Не хочу! Они меня будто бы обманули. Завели в пустыню и бросили. А милого и след простыл. Уехал и бросил меня - вот теперь такую и с этим поташниванием по утрам. Заплатить за самую великую любовь и за самую прекрасную ночь на свете - но ведь не этим же!
И злобная девка на лесоповале. И в больном виде, с простудой, с температурой поехать пришлось на лесоповал, и там лечить раненых и побитых и самой, рыдая, признаваться себе, что не это же она вымечтала, не об этом говорила сама с собой, что настанет же великая дружба, которая перерастёт потом в ... и что она выйдет к нему в нарядном платье, и весь мир вокруг неё обрушится от радости.
И небо заговорило. Да, оно говорило на том языке, на котором умело, на языке для глухонемых, оно обменивалось жестами, знаками, полосами бегущих и ударяющих лучей, так оно говорило - но не о том же оно предвещало, не о том, что выйдет наружу из всей этой тошноты, из всего этого осознания, что никому нельзя подсунуть под нос такую жизнь - что это за жизнь? Поголадывать и по-настоящему голодать с всё растущим, не от доброй жизни растущим животом...
Ну конечно его ещё пока не видно, и кроме рвоты не видно ничего, и выгнать, выгнать это из себя, через все запреты медицинского характера родной мамочки, что в первый раз этого делать ни в коем случае, и через просьбы свекрови не убивать чего-то там, затаившегося в животе, по некоторым другим, эмоциональным, что ли, причинам, а ей, этой свекрови, и до фига бы, не ей это носить, не ей свою молодость, свои оставшиеся от войны драгоценные годочки молодости таким вот образом убивать!
А что делала её свекровь на 25-м году жизни? Рожала ей любимого -
самого любимого на свете! Ну родила, ну спасибо ей, и всё-таки
никаких таких других причин не признаю, а хочу жить, наконец, из
этого пекла выволокла свою жизнь, свою голодную, холодную, и не
хочу её бросать на растерзание
5
новой заразе, новой, вытягивающей из меня все силы, какой-то нарастающей изнутри волне...
За самую прекрасную ночь заплатить чем угодно! Но не этим же!
И - выгнать. Кого-то. Затаившегося. И ни за что не узнать, кто там спрятался от неё, от её злых планов... Злых планов? Разве она - не самая добрая на свете? Разве не лечила всех, не жалела всех, не протягивала руку помощи?...
Но вот этому, тому, который... там изнутри так беспощадно нарастает... И если бы узнать, кто это, то ли тот самый сыночек, желанный мальчишечка, с которым её любимому так не терпится поиграть... И принести ему такую жертву. Но расплачиваться-то всё равно ей придётся, а не ему, и молодость свою потерять, её последние денечки, может быть, перед тем, как нырнуть в грязь немытых пеленок и в крик беспощадного младенческого голоса - дай да подай и чтоб сразу, сейчас же! Без промедления!
Зловредная девка на лесоповале. И с высокой температурой бинтовать разорванные пилами и другими топорами конечности людей, которые не виноваты ведь в том, что ей самой так уж плохо, и мужа любимого к ней не пускают. Некоторые из них не виноваты, но вот эта девка, Люськой её зовут, во всём она виновата, да ещё как!

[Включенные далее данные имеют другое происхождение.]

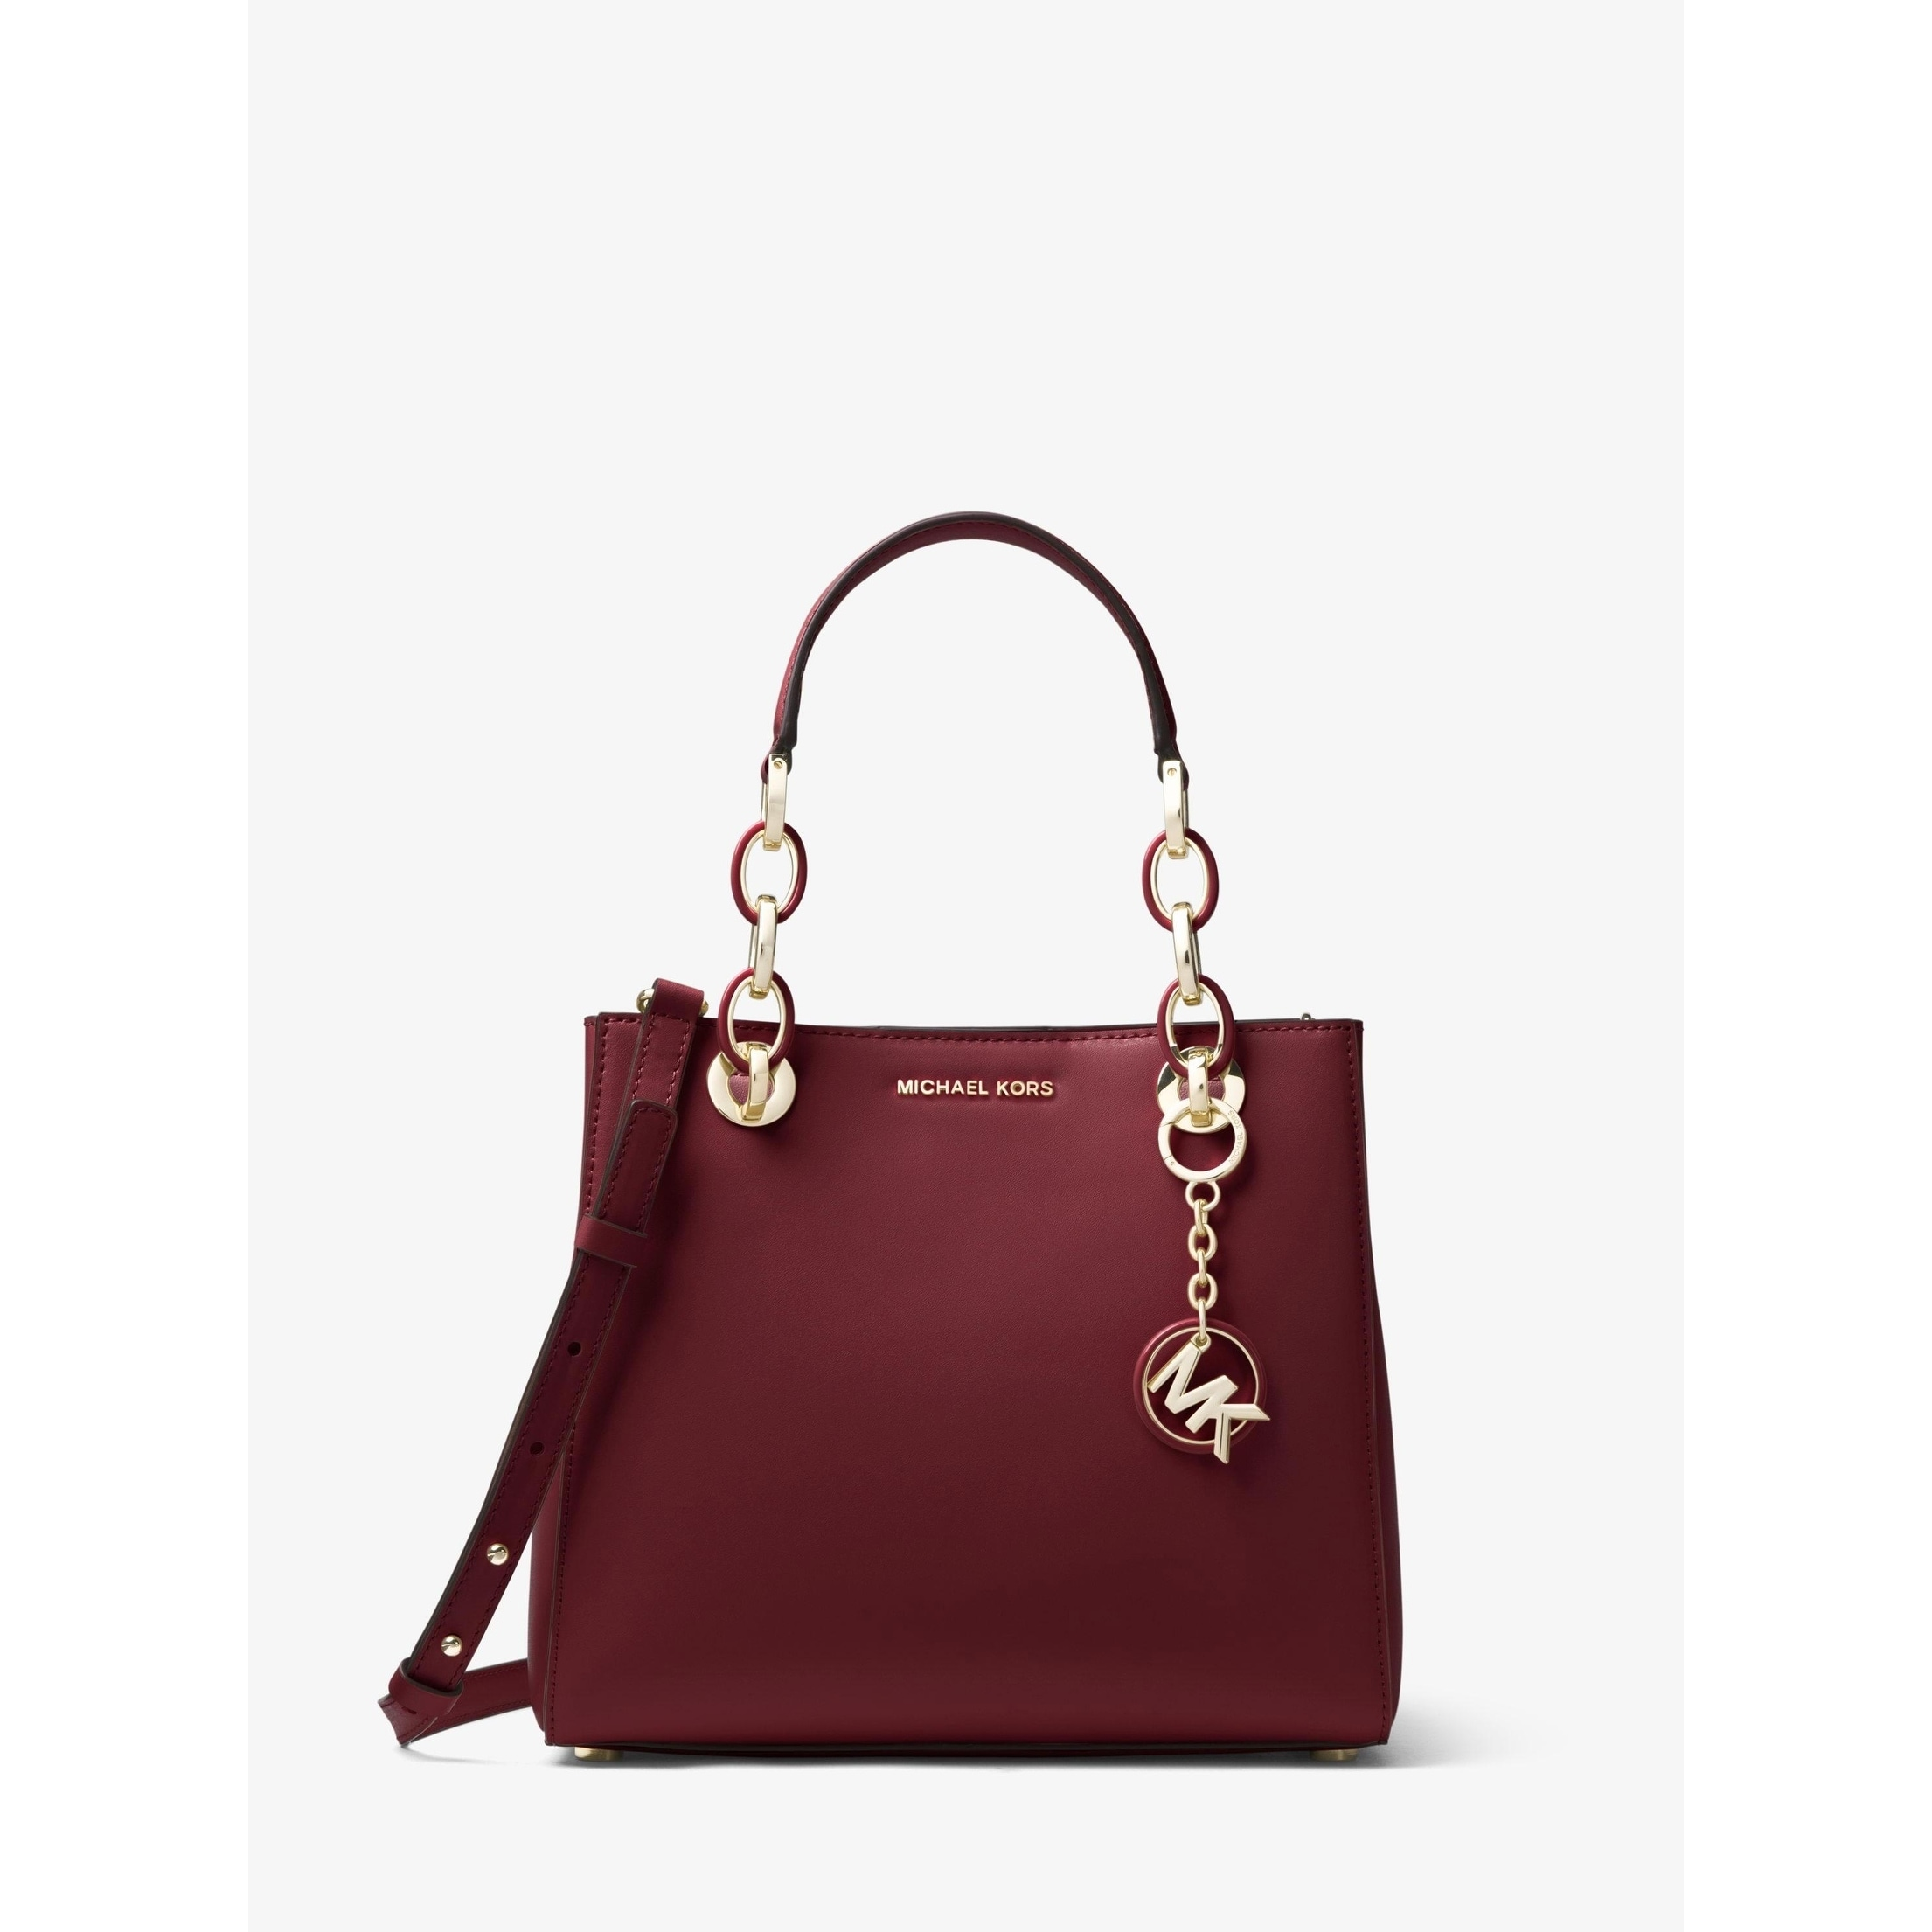 821817bc9c Shop Michael Kors Cynthia Dressy Leather Satchel Bag Oxblood - Free ...

И когда случился этот день. И когда вывез её любимый муж из этого дерьма со всеми её пожитками в любимый город, и решено было, что выгонять не будем - не потому же, конечно, что жалко - дитя, затаившееся там, внутри, а потому, что муж любимый боится пуще огня - не сделаешь первый аборт, тогда будет потомство, будет что-то, что на потом оставить, но она боится ведь исчезнуть из молодости - не совсем с лица земли. До этого куда как далеко, и зачем ему понадобился этот мальчонка, про которого он думает, что ребёнок будет похож на него, а что если нет? А что, если ребёнок окажется совсем не тем, за кого себя выдаёт, сидя сейчас там, в животе, в этом невидимом царстве и поглядывая одним глазом, как кажется порой - по крайней мере прислушиваясь, как шпион.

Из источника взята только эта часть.